IPEC, a key recommendation of the World Health Organization’s 2019 World Report on Vision, is the focus of the global eye health sector. IPEC has also been a key part of Operation Eyesight’s approach for decades, enabling us to reach the unreached. Our focus on empowering communities and building the capacity of partners is allowing us to strengthen health systems in all of our countries of work – Bangladesh, Ethiopia, Ghana, India, Kenya, Liberia, Nepal and Zambia.
‘Integrated’ eye care is care that is part of the local health system. This often requires partnership with hospitals and staff and often means utilizing local health resources, personnel and infrastructure. ‘People-centred’ means focusing on the needs, preferences and values of individuals and communities.
This focus on people who are at the core of all our interventions – the community connection – has been a driving force behind Operation Eyesight’s work to open local vision centres, recruit local health workers who are predominantly women (90%) and conduct door-to-door screenings. This ensures that we leave no one behind, especially girls and women. This translates into empowered communities that can care for their own health and our success in eliminating avoidable blindness. What is unique about our approach is it strengthens health systems ‘from the bottom, up’ – starting at people’s front doors.
Eye health care exists on a continuum, from the community, to partner facilities, back to communities for rehabilitation and follow-up care. Therefore, we have also focused on training existing healthcare staff, investing in infrastructure and creating referral networks with partner facilities and hospitals.
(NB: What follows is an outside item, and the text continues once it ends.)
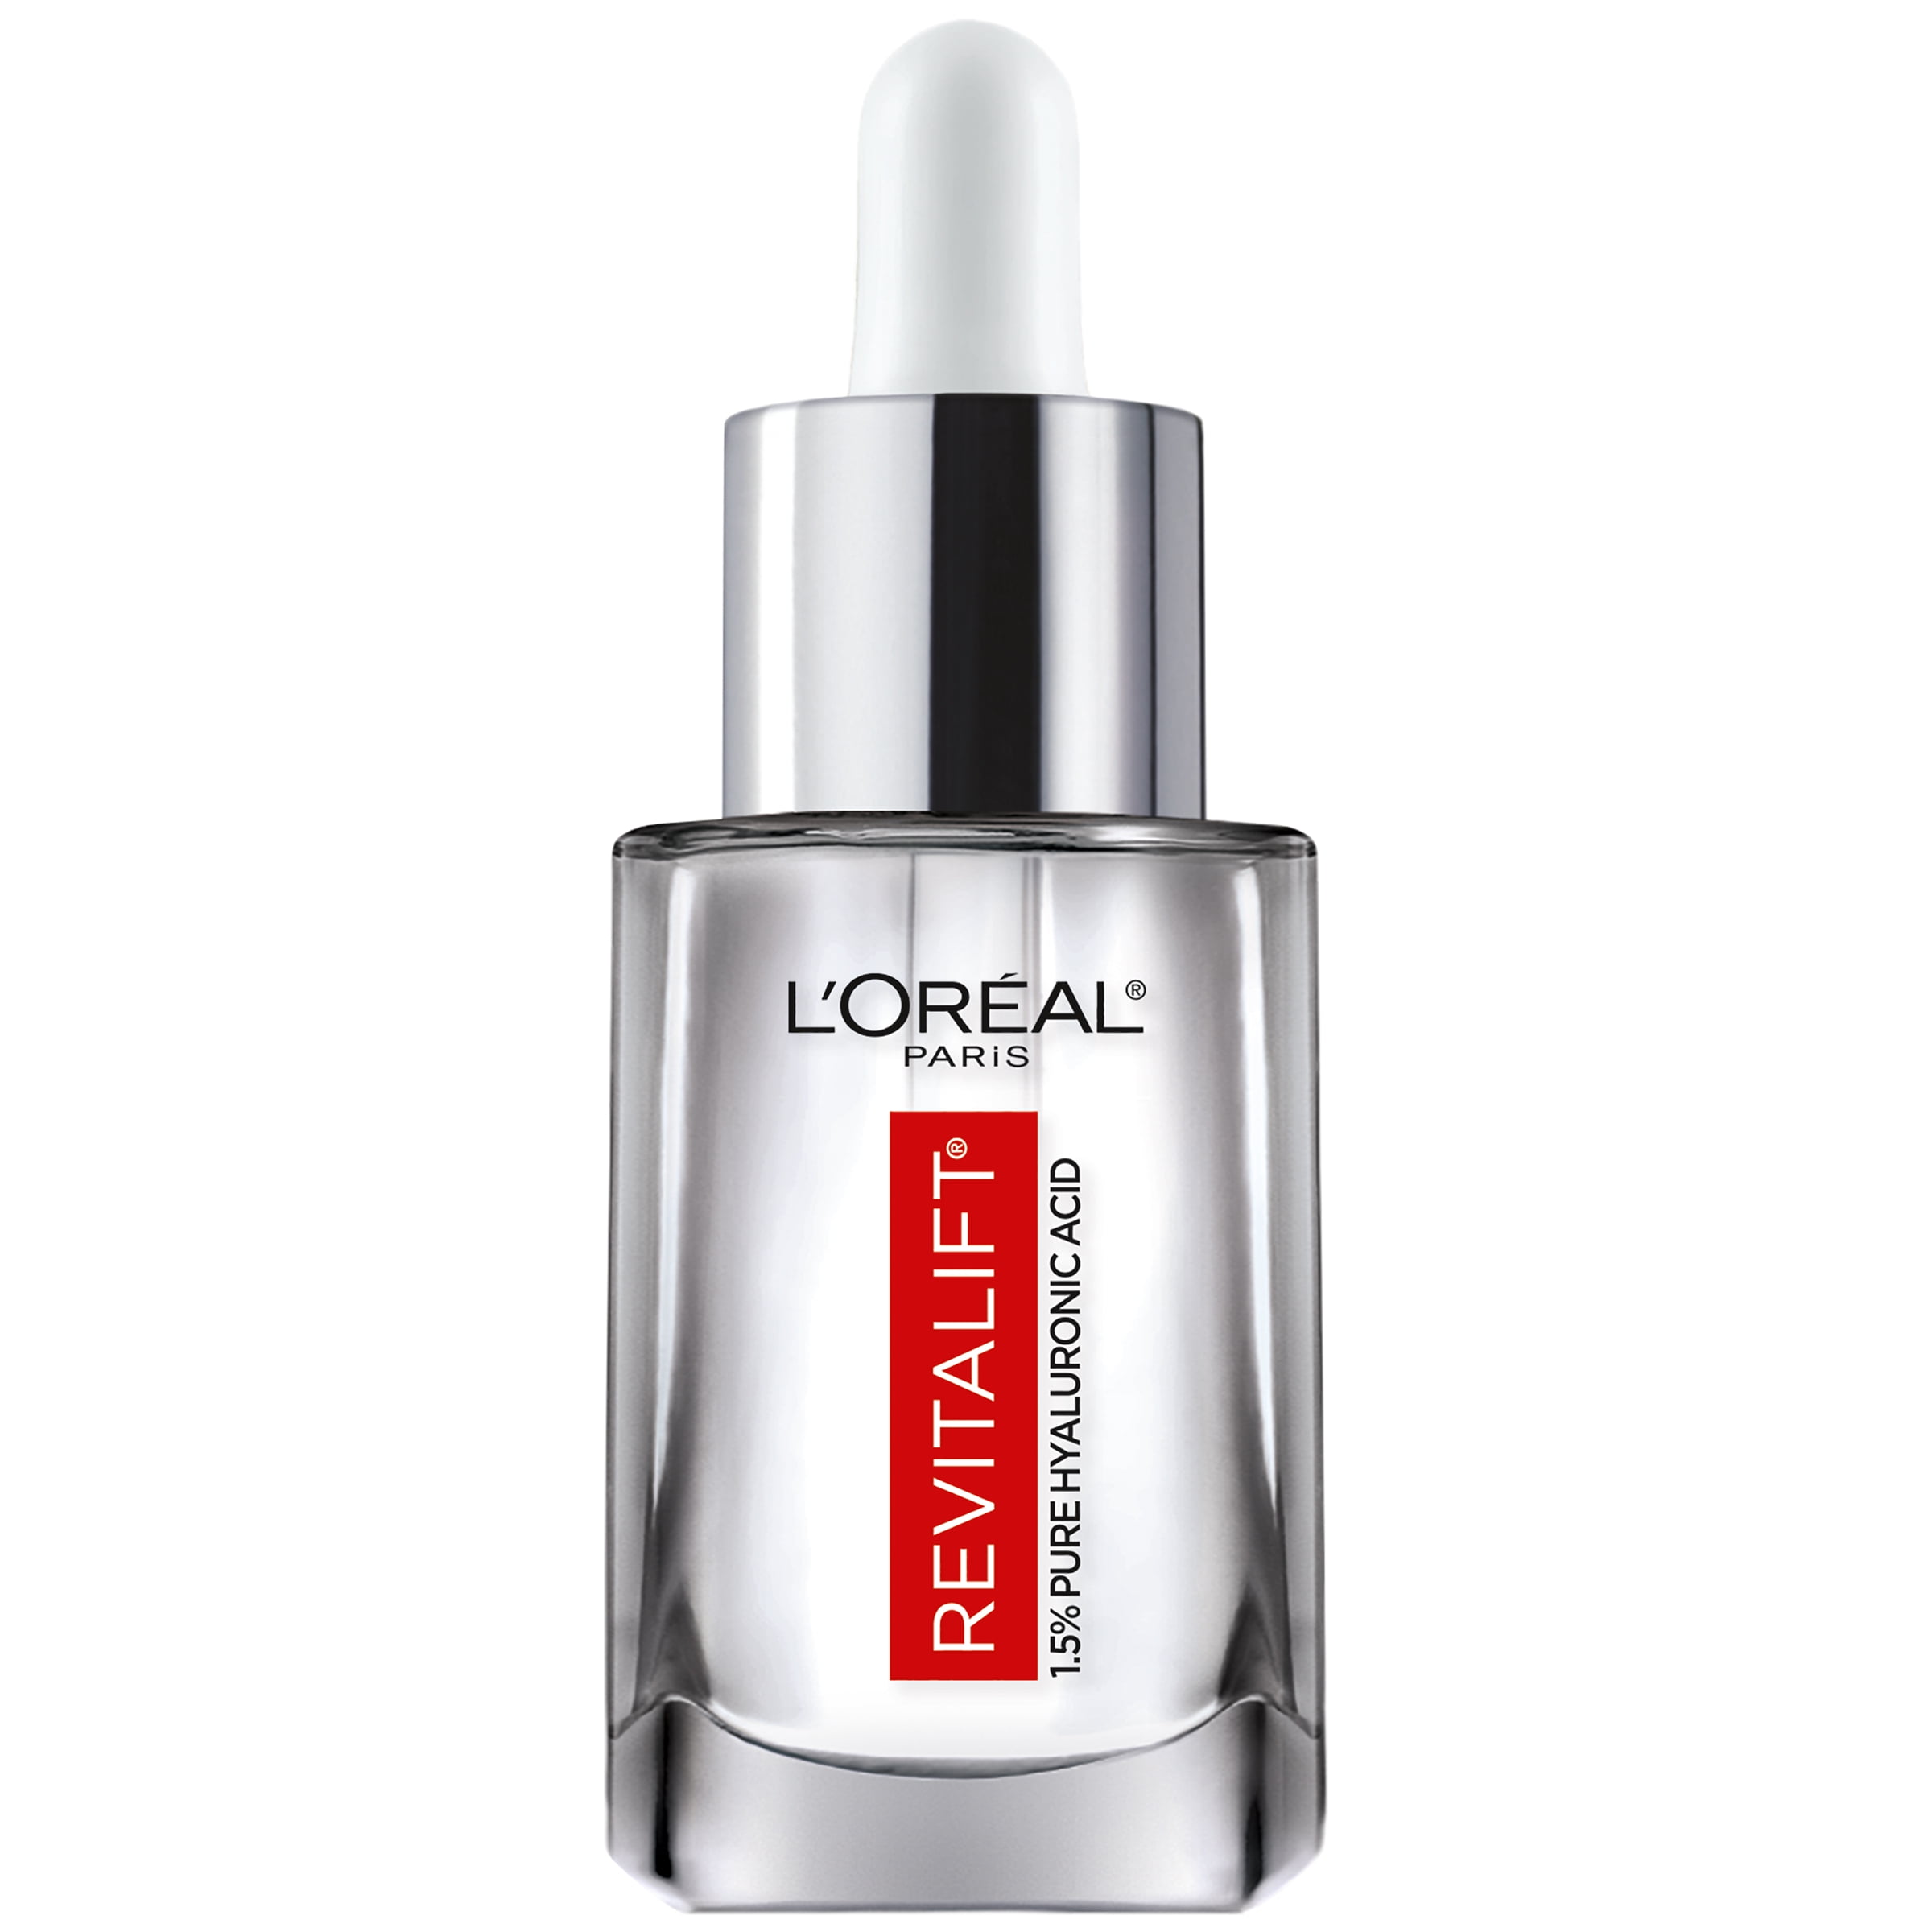 Buy L'Oreal Paris Revitalift Pure Hylauronic Acid Face Serum, 0.5 fl oz Online in Ireland. 148112821
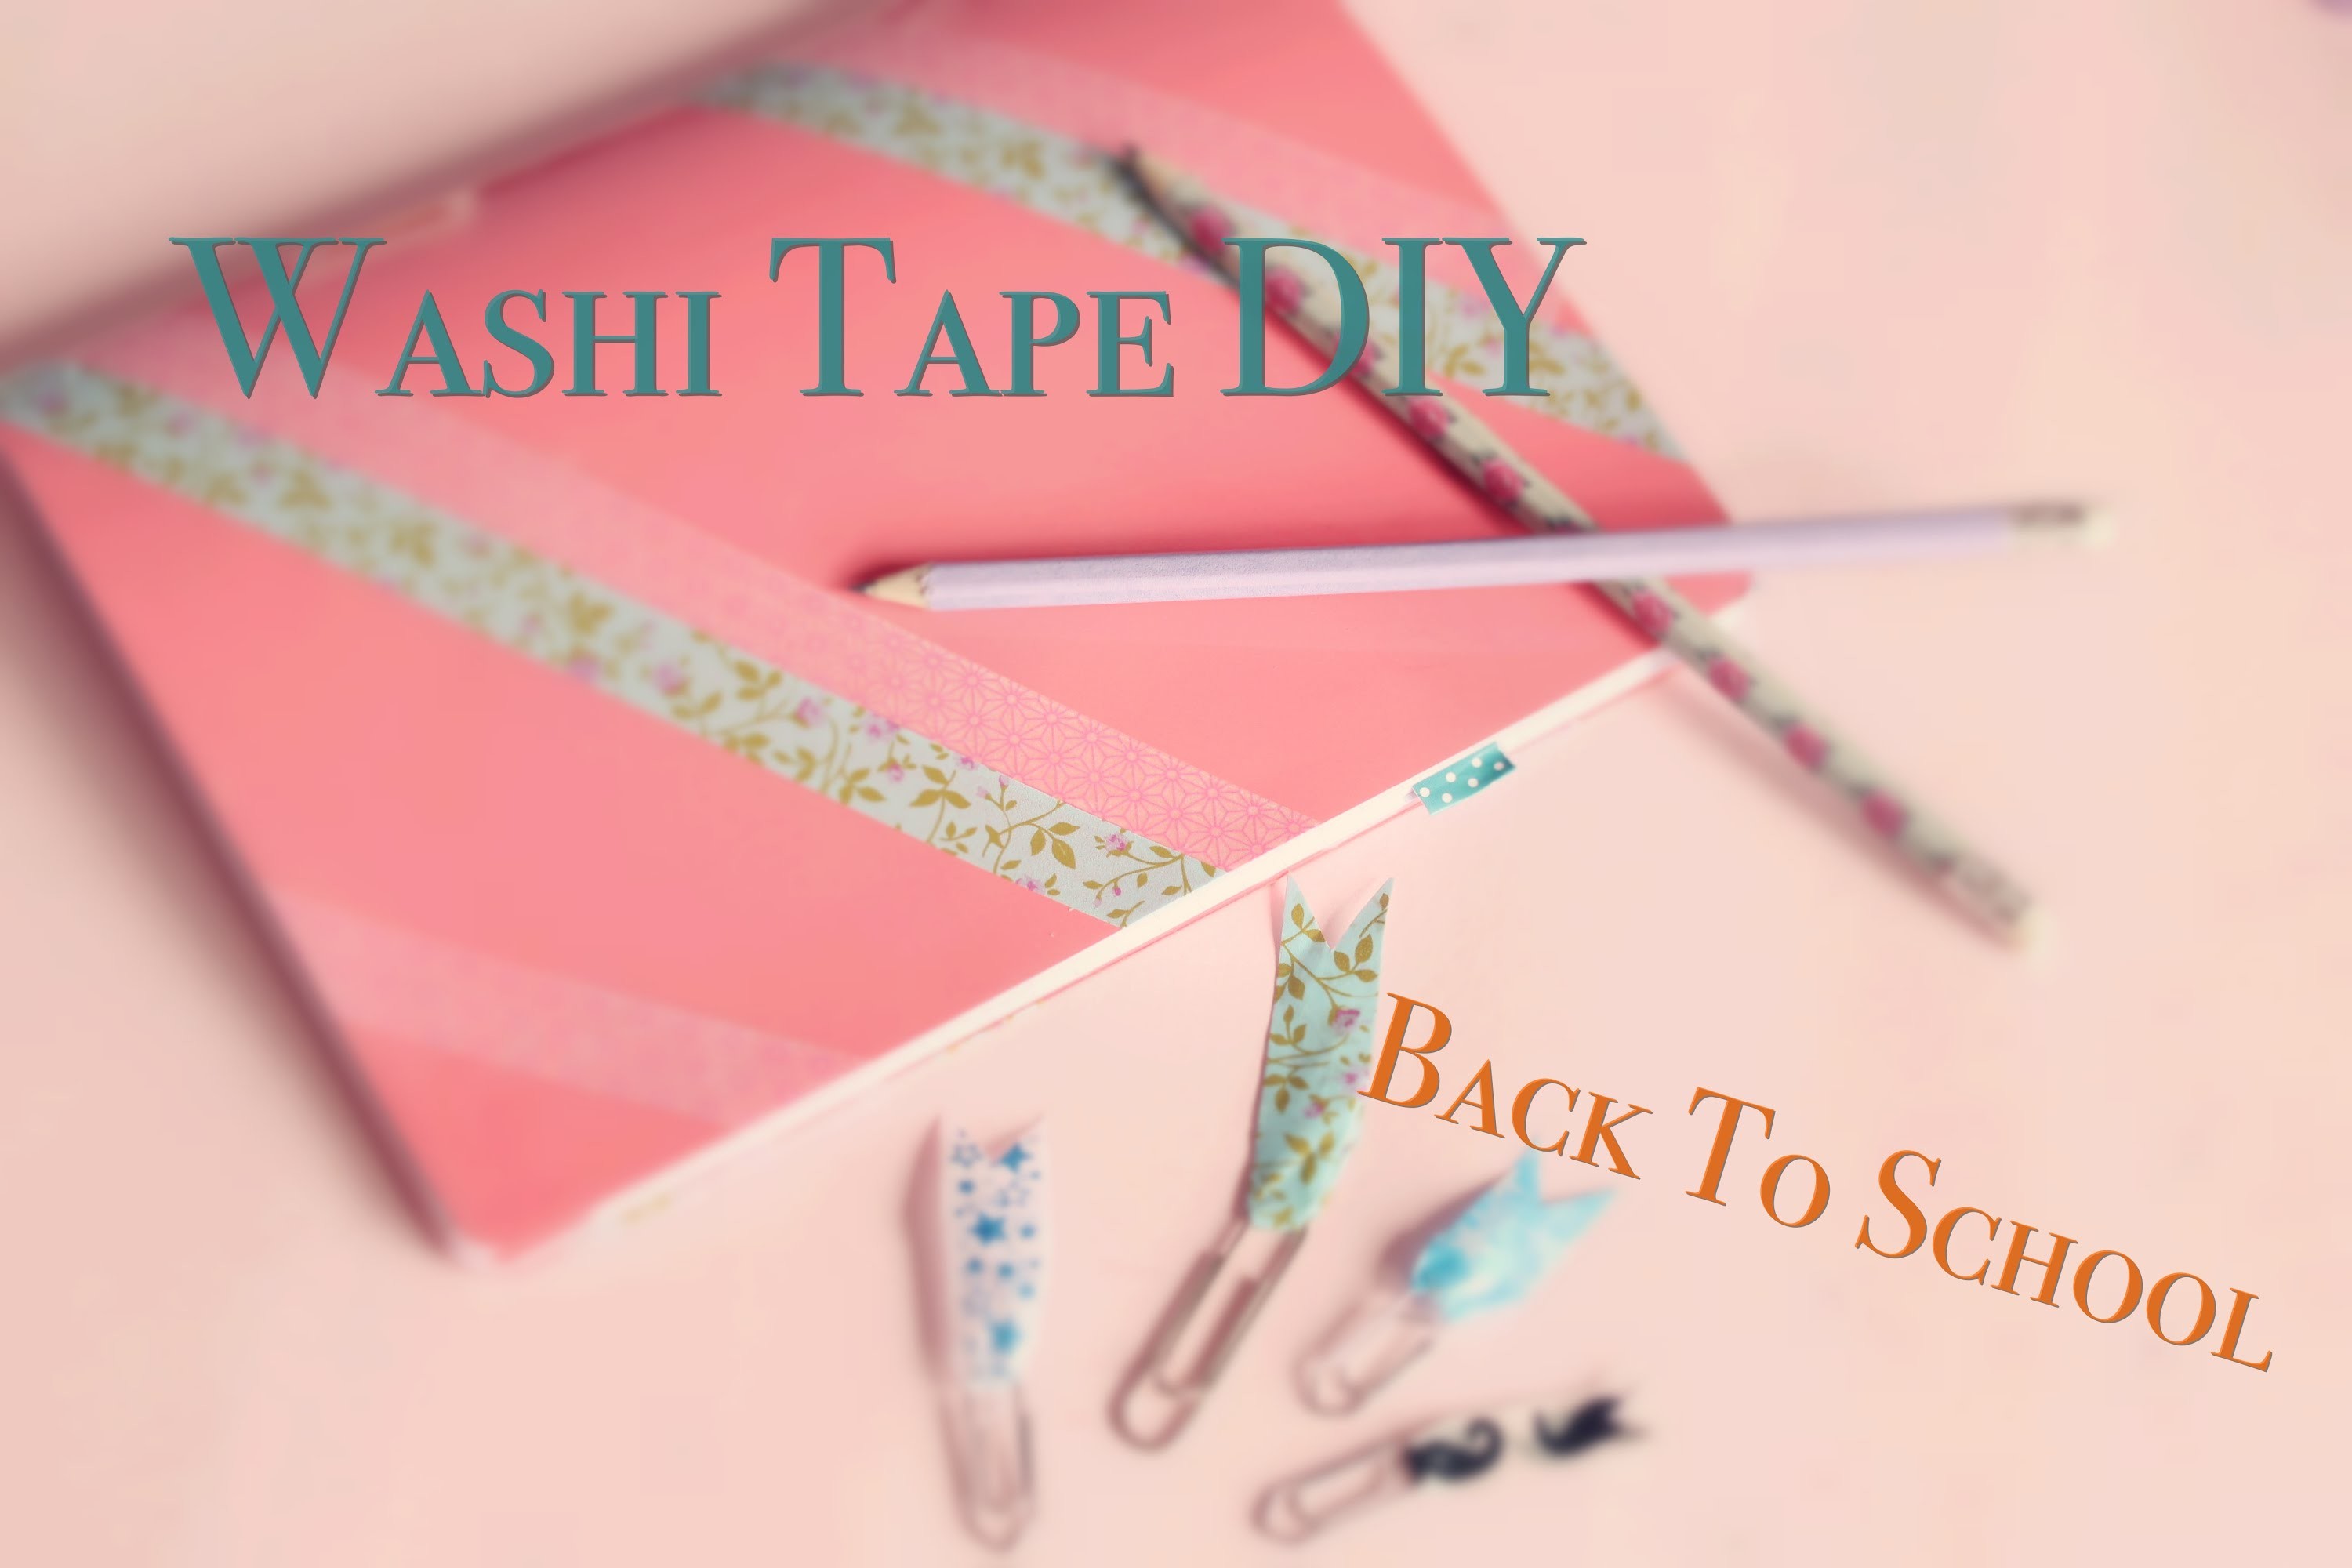 Washi Tape DIY - Back To School 2015!!

In addition to showcasing Operation Eyesight’s IPEC work, I was particularly pleased to collaborate in panel discussions and Q&A sessions focused on the relationship between the UN’s Sustainable Development Goals (SDGs) and eye health. The connection between the SDGs and eye health is a clear one, and this is confirmed by the experience of our teams in the field.
When our teams conduct post-surgery visits and evaluation surveys, we see evidence of family breadwinners who have been able to restart their small businesses and provide for their families. We see senior citizens who have returned to their caregiver role, supporting their grandchildren’s education and nutrition.
The Regional Meeting highlighted the need to build evidence of eye health services’ attribution to achieving several SDGs. For example, our teams often encounter people with vision loss who suffer from other health conditions, and our teams play a pivotal role in helping patients access health services in their locality. In Zambia, we are seeing how the presence of a borehole in a community helps girls attend school because they no longer have to haul water long distances for their families.
Integrating eye care within the public health system connects our work with what’s happening at the grassroots level, through the public health system. This also keeps our project teams informed about the needs of communities.
So many organizations have so much to offer, and that’s why partnership is more important than ever to make IPEC a reality.
IPEC means more than just eye health for communities; it’s directly linked to good health and well-being, quality education and economic growth.
IAPB members’ collective knowledge, experience and expertise are what will make IPEC’s vision of focusing on integrating care and responding to the needs of people a reality.
Image on top: After Chiri, from the village of Thankot, Nepal, was diagnosed with cataracts, one of our community health workers helped Chiri get her blood sugars and diabetes stabilized before she could receive sight-restoring surgery at our
partner hospital, Nepal Eye Hospital.